Miguel Ramírez

Personal information
- Full name: Miguel Ramírez Salas
- Date of birth: 29 September 1968 (age 57)
- Place of birth: Aguascalientes City, Aguascalientes, Mexico
- Height: 1.81 m (5 ft 11 in)
- Position: Defender

Senior career*
- Years: Team / Apps / (Gls)
- Atlético Potosino

Managerial career
- 2010: Toros de Aguascalientes (Assistant)
- 2011–2017: Necaxa Reserves and Academy
- 2017: Necaxa (women)
- 2018–2020: Necaxa Reserves and Academy
- 2021–2023: Necaxa (women) (assistant)
- 2024: Necaxa (women)
- 2025: Necaxa U-19 (women)

= Miguel Ramírez Salas =

Mexican football manager

Miguel Ramírez Salas (born 29 September 1968) is a former professional Mexican footballer and manager who last played for Atlético Potosino and currently manages Necaxa (women) since 2024.

==Club career==
Ramírez played in Atlético Potosino in the Liga MX.

==Coaching career==
In 2011, Ramírez joined the staff of Toros de Aguascalientes.

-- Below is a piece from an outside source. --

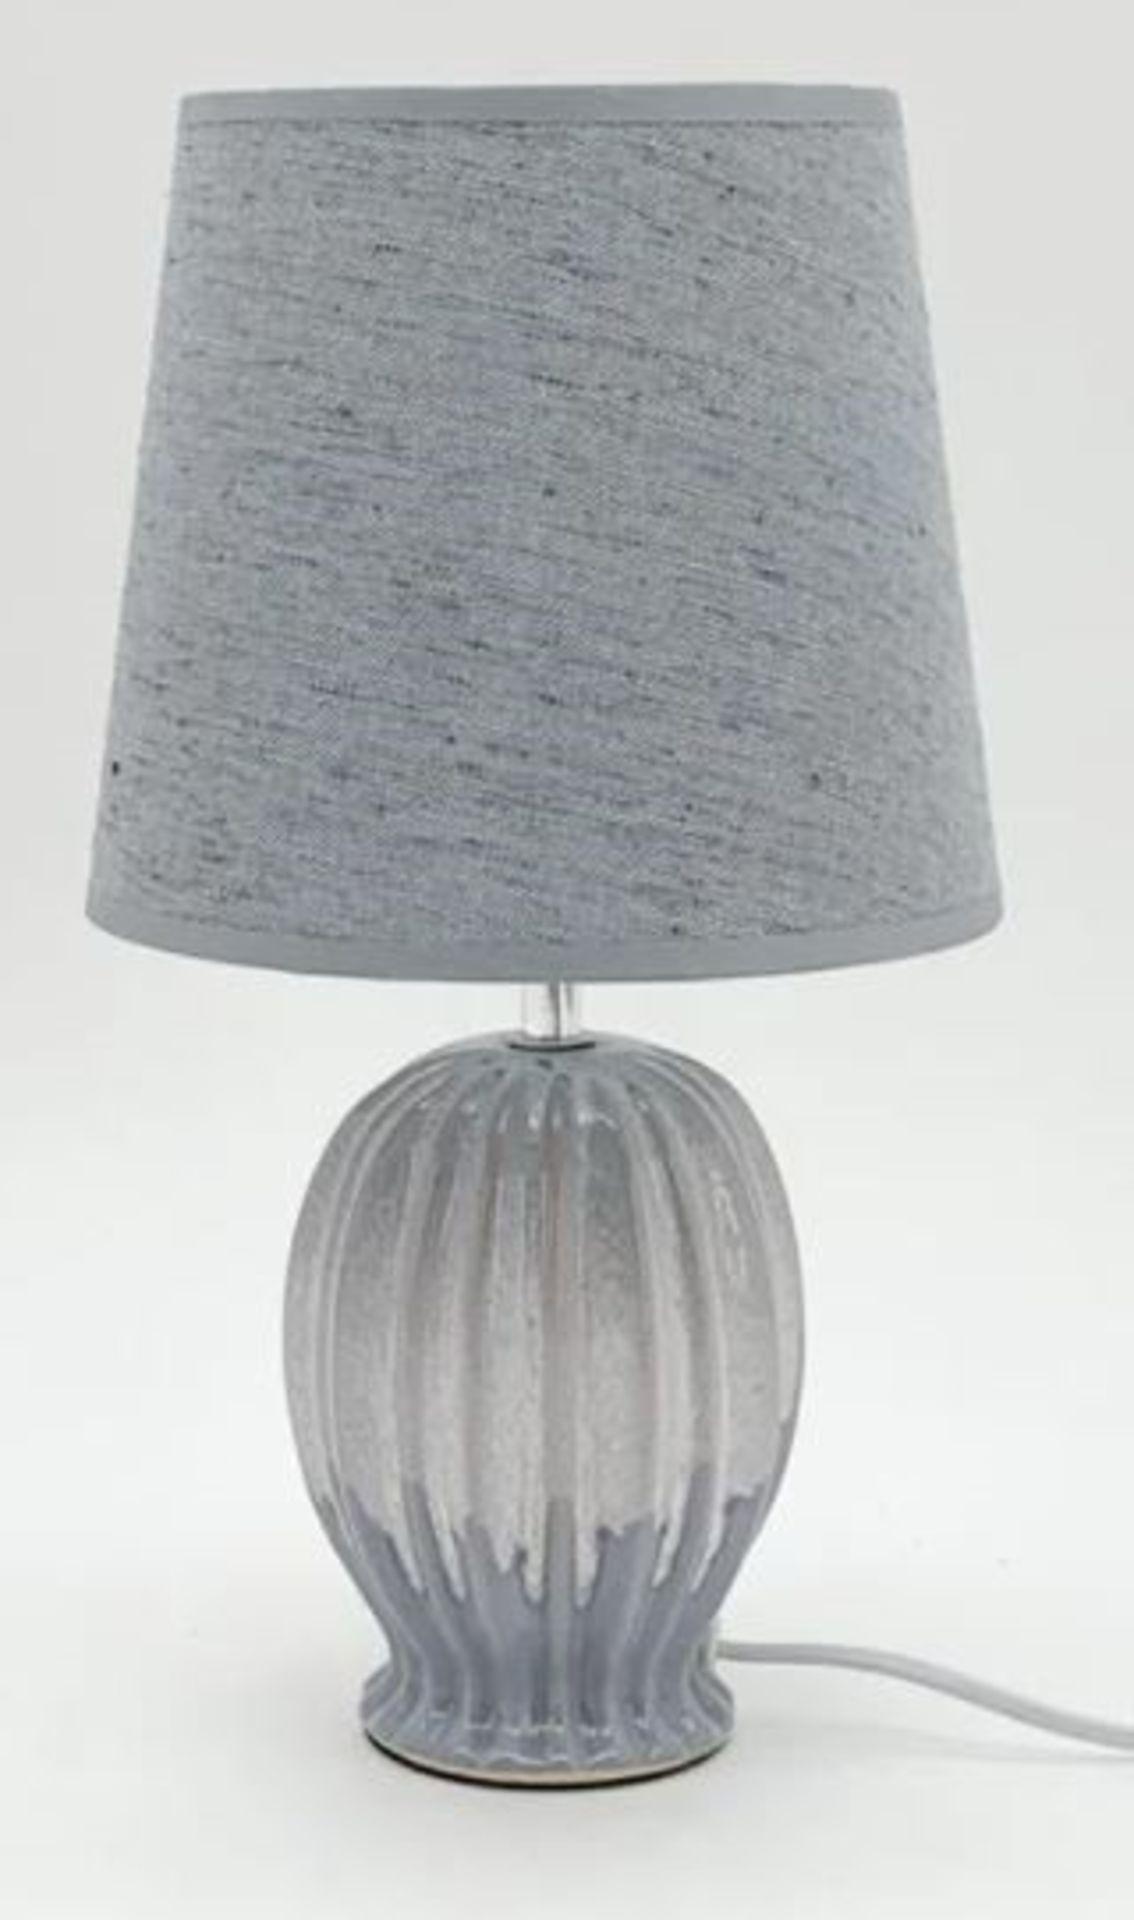 EARLES 40CM TABLE LAMP
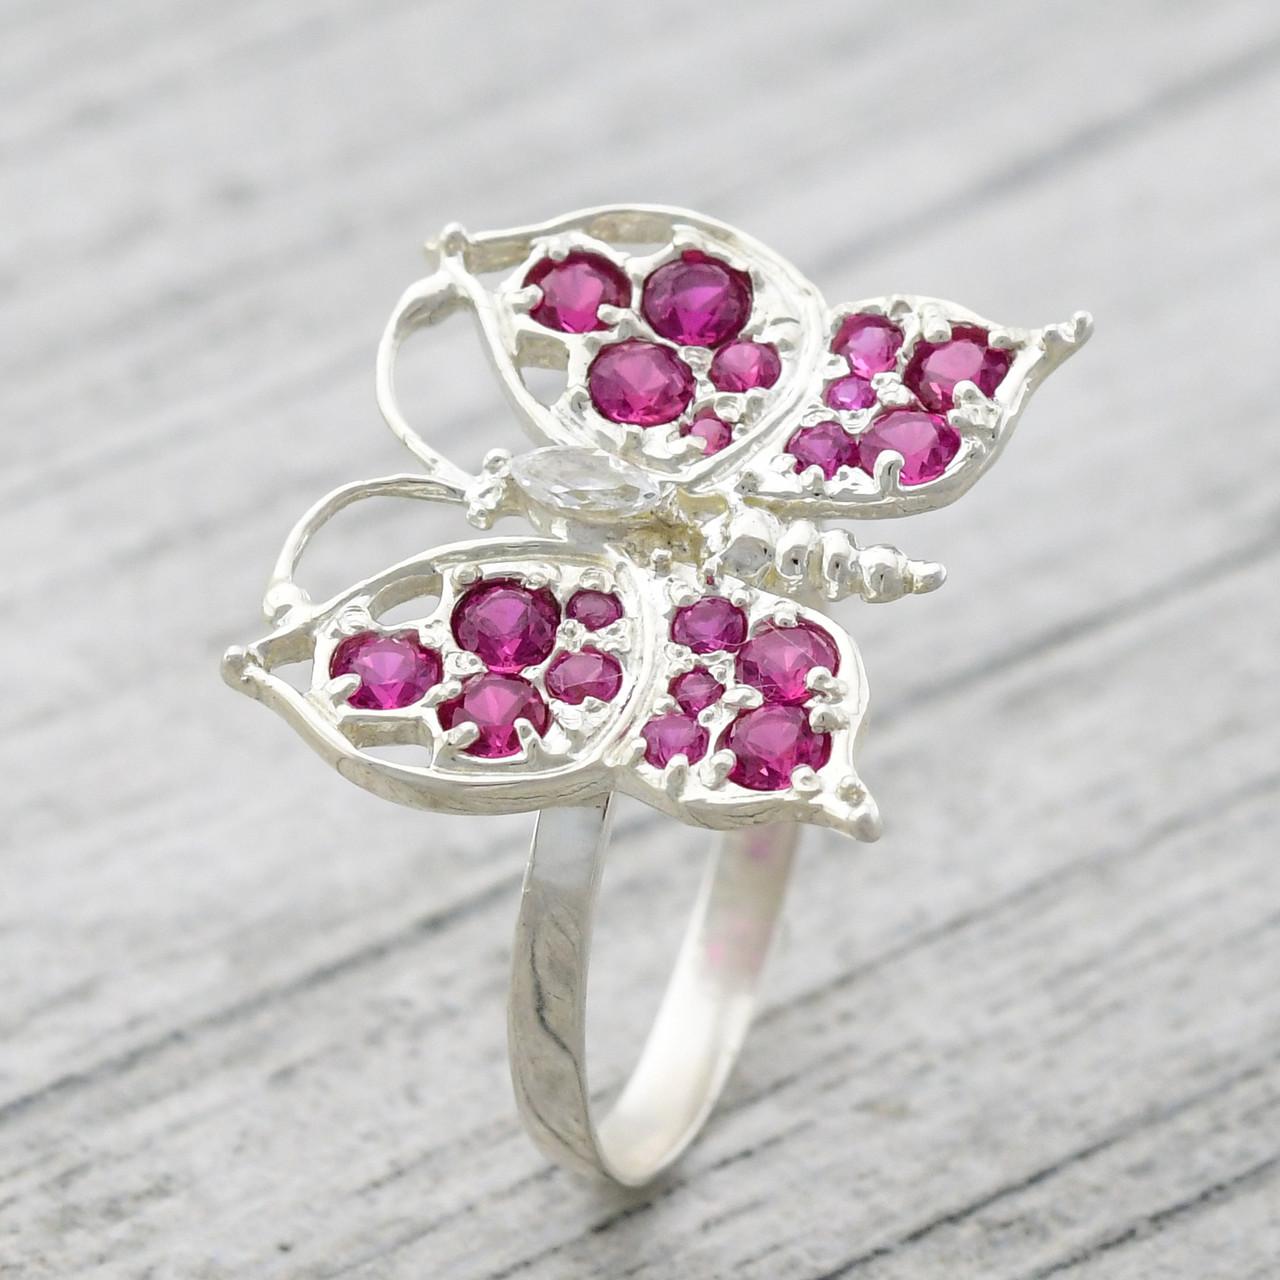 """Серебряное кольцо """"Бабочка"""", вставка малиновые и белые фианиты, вес 2.75 г, размер 16"""

From 2011 to 2020 he was part of Necaxa Reserves and Academy, and in 2017 he coached the Necaxa (women) during one tournament. Since 2021, Ramírez was the assistant coach of Necaxa (women) in the Liga MX Femenil. In 2024, Ramírez was appointed for the second time as manager of Necaxa (women).